Azevedo clad the newly raised section of the house—which is located adjacent to a furniture and metal workshop—in ReziBond steel. “It looks great, it’s affordable, it’s easy to install, and it can be sourced locally,” she says. “You get the custom metal siding look for not that much money.”
Tasked with transforming a 93-square-foot brick boiler room, built in 1916, into a guesthouse, architect and metalworker Christi Azevedo flexed her creative muscle.
Architect Christi Azevedo deployed Ikea cabinetry in the kitchen (left), which spans almost the entirety of the renovated building. In lieu of adding standard-issue fronts to the upper cabinets, she created sliding doors of sanded acrylic panels. A PaperStone work top extends from the stainless steel counter for additional prep space. When not in use, the movable dining table—also designed and fabricated by Azevedo—fits snugly beneath it.

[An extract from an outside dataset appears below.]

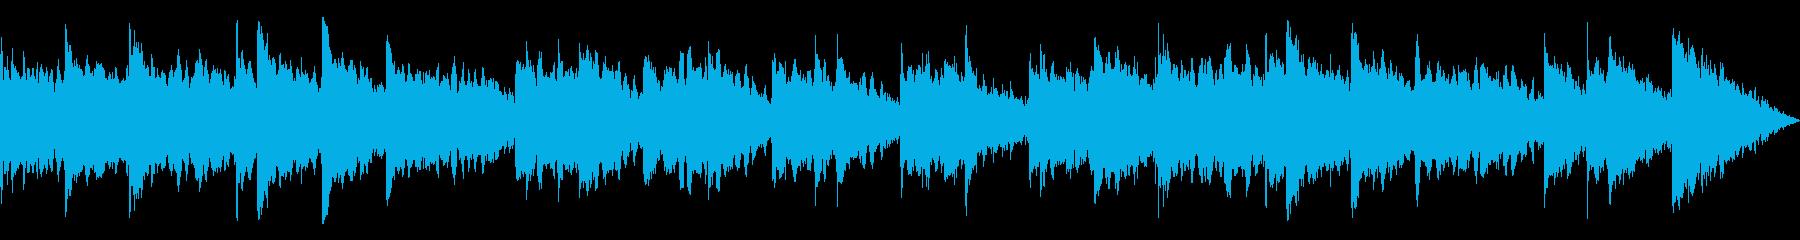 スローテンポの柔らかなサウンドの再生済みの波形

“Whether it’s 100 or 1,000 square feet, it’s about going in and looking at opportunities,” she says. In this case, she saw a chance to experiment with light, volume, and materials. The architect spent a year and a half designing and fabricating nearly everything in the structure save for the original brick walls. “I treated the interior like a custom piece of furniture,” she says. She raised the roof five feet and added a full kitchen, a bathroom, closets, and a sleeping loft, accessed via a steel ship’s ladder and a glass walkway.The three levels of the house transition from public to private: The ground floor is composed of the kitchen and living-dining area; the bathroom and closet occupy the mezzanine, accessed by a ship’s ladder; and the sleeping loft hovers a couple steps above. The seminal 1970s tome A Pattern Language, written by Christopher Alexander, Sara Ishikawa, and Murray Silverstein, inspired the layout. “I’m a huge proponent of the [book],” says Azevedo. “I like the ideas of a bed as an alcove, natural light on two sides of a room, varying ceiling heights, and different levels of privacy.”
“When you step inside, you don’t feel like you’re in a small space,” says Azevedo, noting that the split-level design draws the eye up through the structure, which rises to 17 feet in the tallest section. Visitors liken the interior to a tree house—an assessment that makes Azevedo proud. “We don’t want to lose the delight in architecture,” she says.